Cashback is a new trend in the online market - it simply doesn't give discounts but puts a certain amount of money in the customer's electronic wallets, which they could avail for the further transactions. Cashback, in a way, spurs the customer to make future purchases online itself. The process ensures that both the company and customers gain -- the customer always has extra cash for purchases and the company has enough money left in the customer wallets which assures further sale and, importantly, customer loyalty.
Today, a lot of companies are offering cashback and Paytm is ahead in the high-stake race in this arena with 100 million wallet users and at least 60 million transactions per month.
Cashback serves two-fold benefits to customers: they can avail discounts and also use the cash for future transactions.
Cashback is crucial in e-commerce for the following reasons:
1) Customer loyalty
Cashback ensures repeat-purchase, i.e., with money in the digital wallet customer returns for another purchase. The method is a way to ascertain that your customer sticks with you. Nowadays, with more and more discount policies, customers shift to the platform which offers more discount. Cashback shelters the domain and see to it that the customer returns to it. For example, a company which sells a smartphone for Rs 30,000 offers cashback of Rs 5,000 and by this ensures that the customer will get back to their site and use the money in the wallet for future purchases.

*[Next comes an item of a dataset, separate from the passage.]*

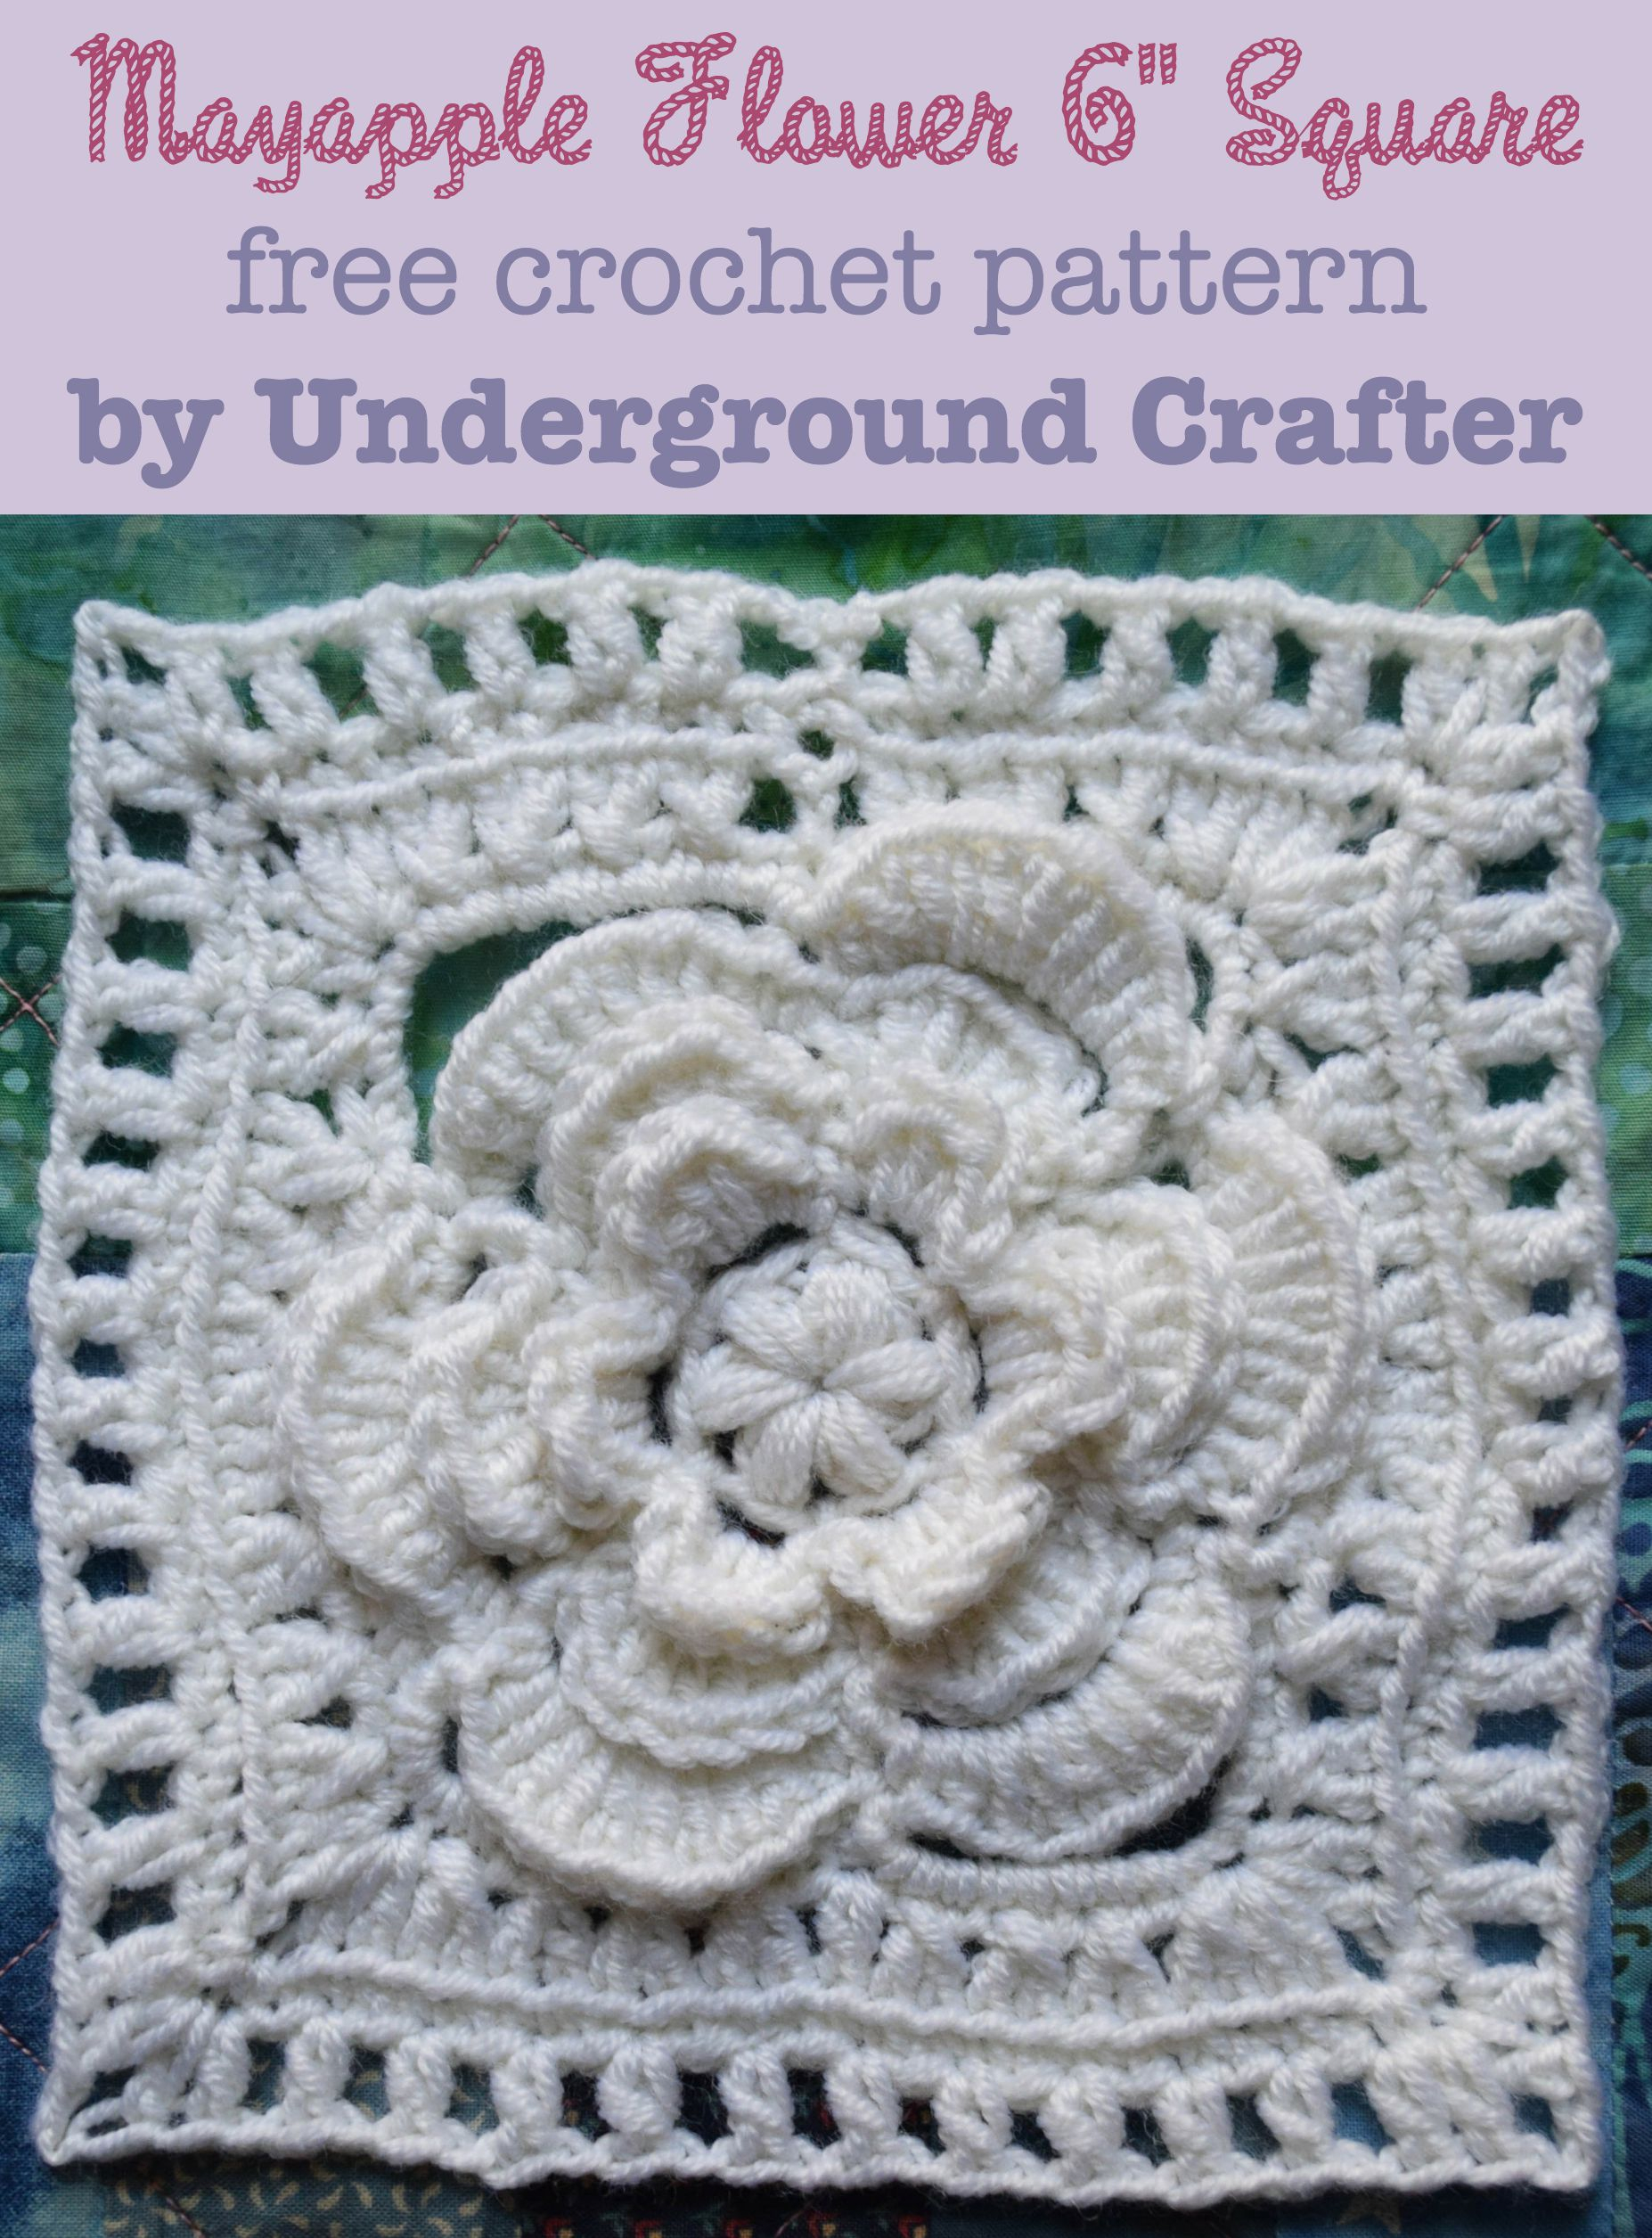 Crochet Squares Patterns Crochet Pattern Mayapple Flower Square Underground Crafter
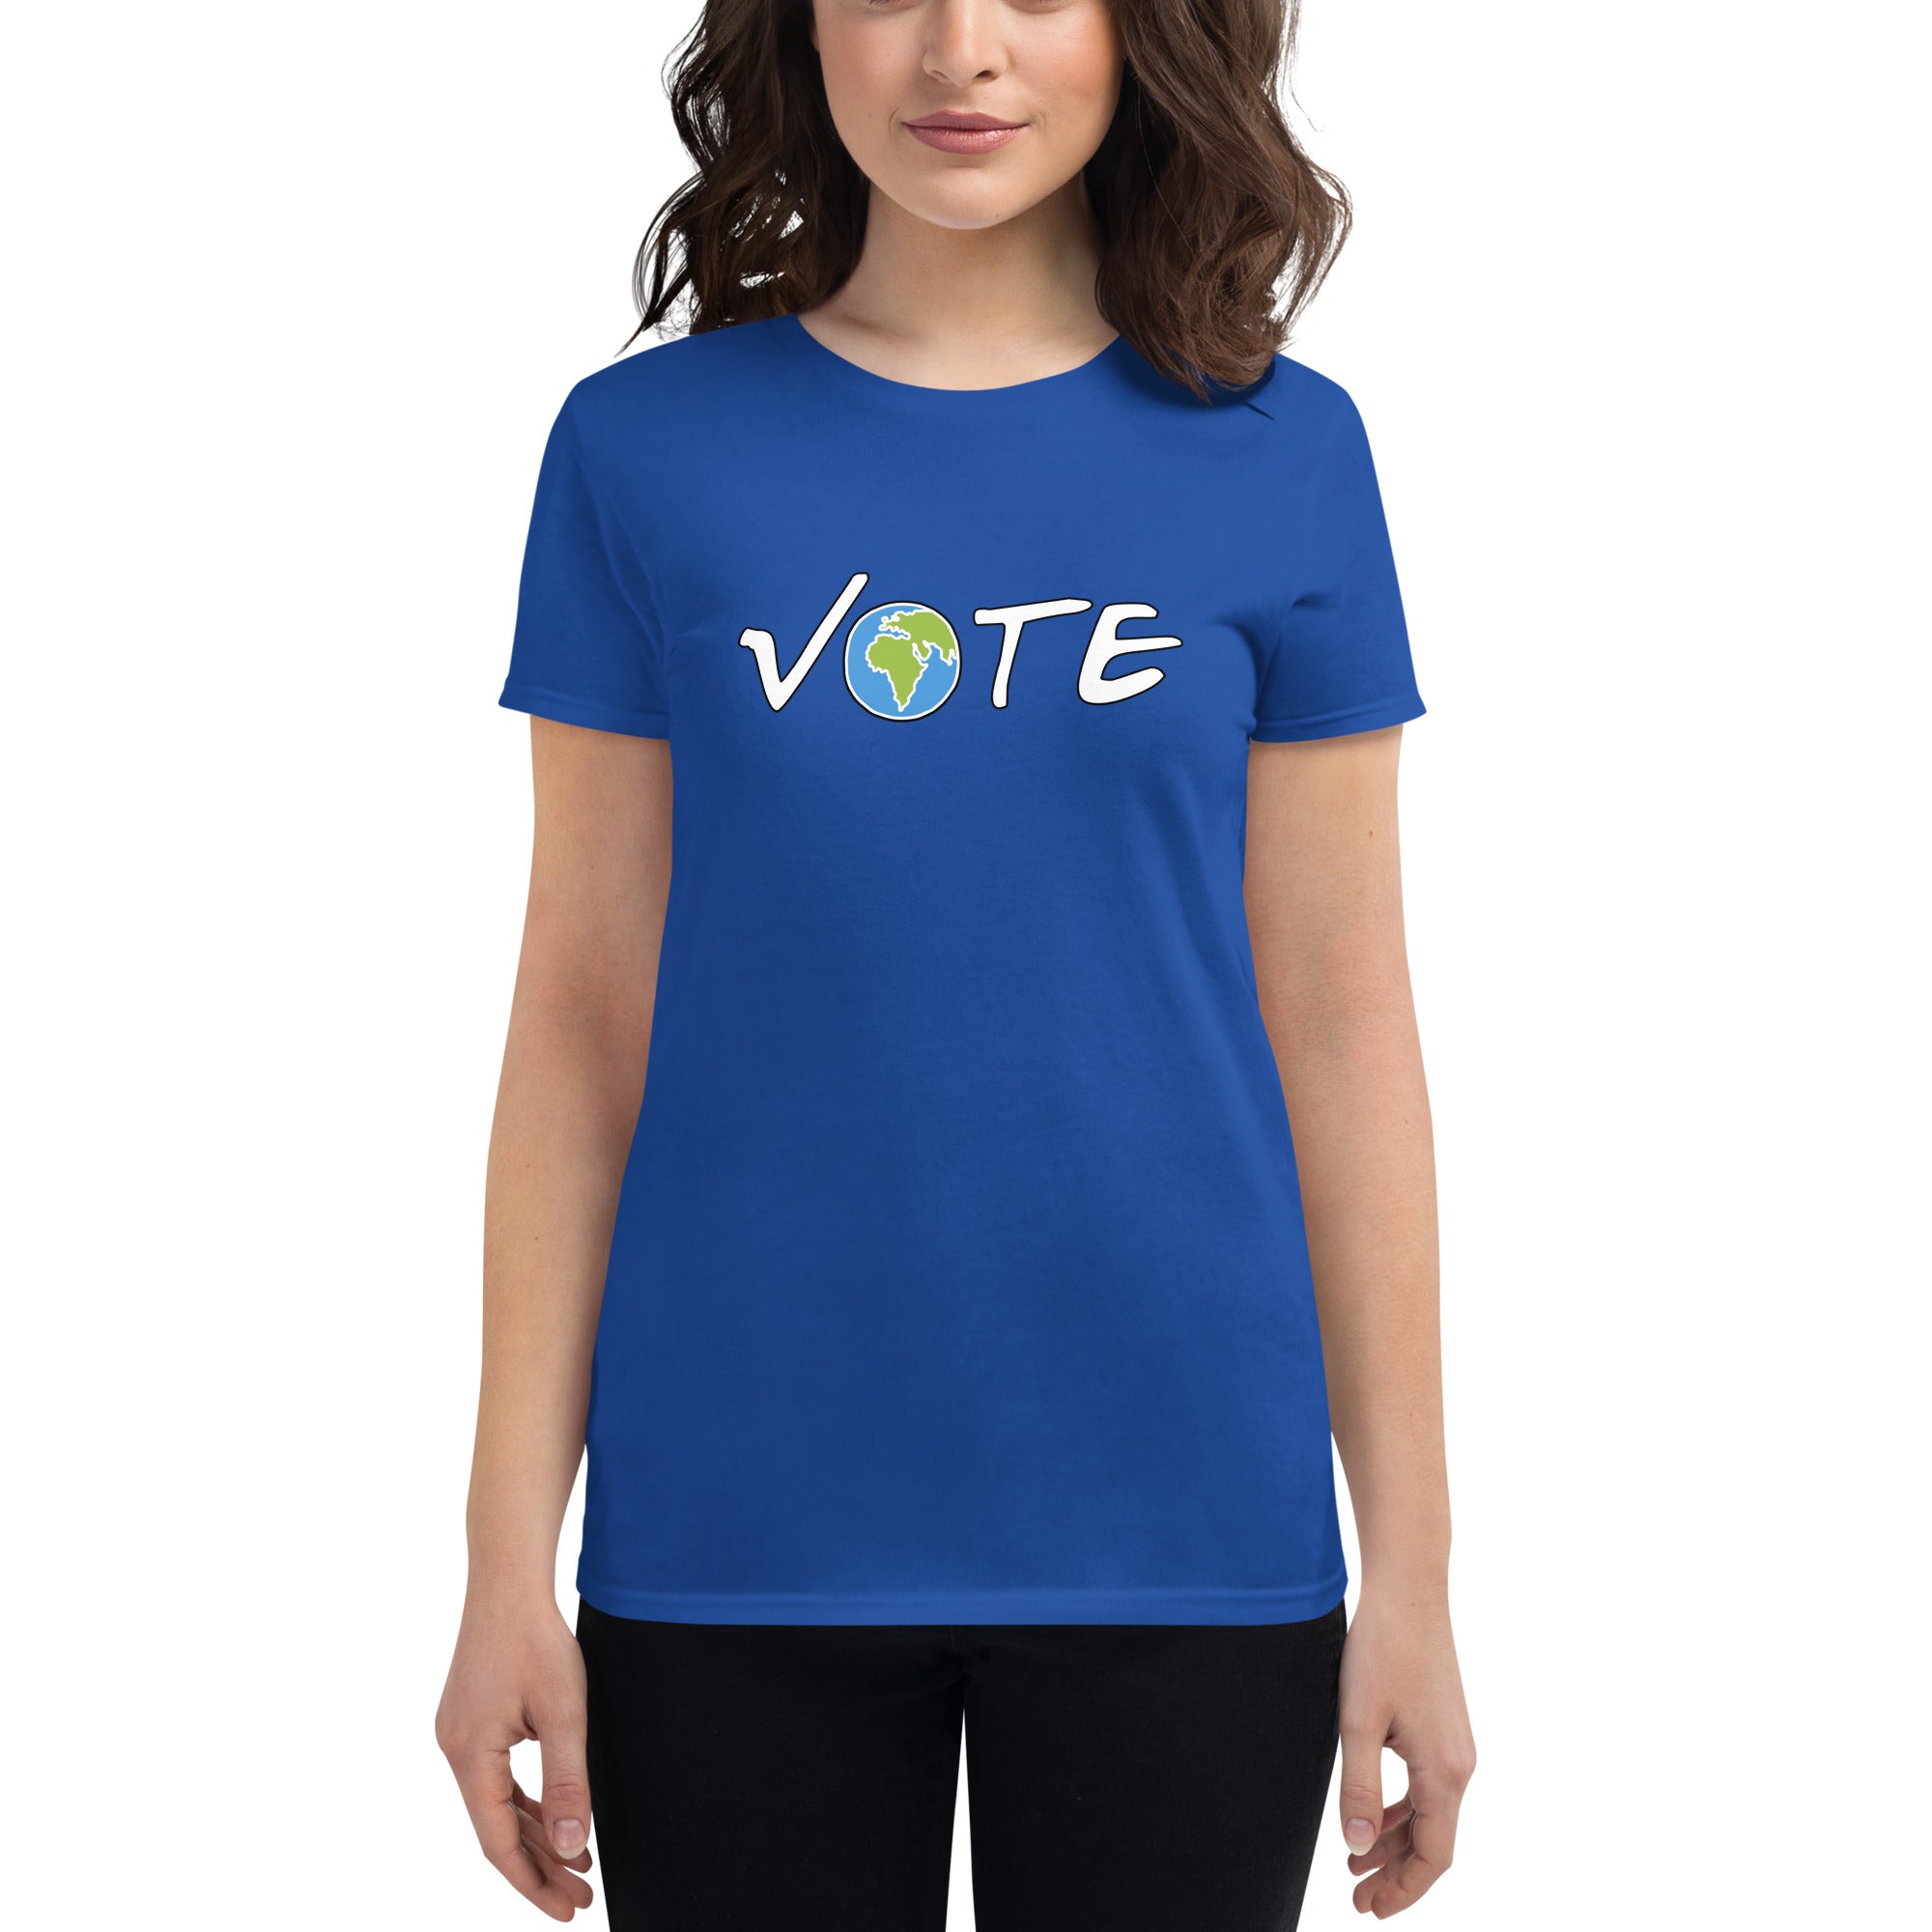 VOTE EARTH- Women's short sleeve t-shirt

Customer loyalty is a hard value to gain and most customers are price-sensitive. They'll undoubtedly switch to the site that offers more discounts and offers.
2) Reducing the use of solid money
Everyone hates frequenting to ATM for money. Nowadays, even small shops provide access to Paytm facilities. Cashback offers ensure the digital flow of cash by reducing the use of solid cash.
3) The advantage of e-wallets
Every company is trying to get their customers to drop their cash in the potential e-wallets. Paytm is the prime dealer in the e-wallet arena. Experts say e-wallets are the future for financial transactions and big guns like Google and Apple are competing to take a lead in this space.
For customers, especially shopaholics, cashback undoubtedly works as a boon. For the market places too, they work well by upgrading the revenues and validating the customer affiliations. The major question that arises is that will the providers be interested in prolonging the investment scenario or not.
Companies have to find a way to safeguard their burn rates and try make their processes more effective. A lot of startups are being shut down due to the cash crunch. In this light, it's not easy to presume that the scenario will continue for long as start-ups have begun battling for their survival.
How does cashback work?
Several e-commerce platforms were providing discounts from 40-50% and they were providing it from the investor's cash. It's as plain as daylight now that as they suffer from high burn rate, especially when they are yet to make profits.
To better understand cashback, we need to look at the structure and model of platforms providing cashback like Paytm. Paytm wallet enables users to deposit virtual money with the company. The e-money/virtual money is spaced in a guaranteed-account with the bank. Hence, the company avails interest from the virtual money secured in the customer's account and this adds much to the company's total profitable income. When the user gets a cashback offer, he/she will most probably spend it for a mobile-recharge or the payment of bills. In any case, the company secures a commission of 2-10% from the telecom department/sellers. In this way, mobile wallet has more of a strategic value than just as a means of revenue.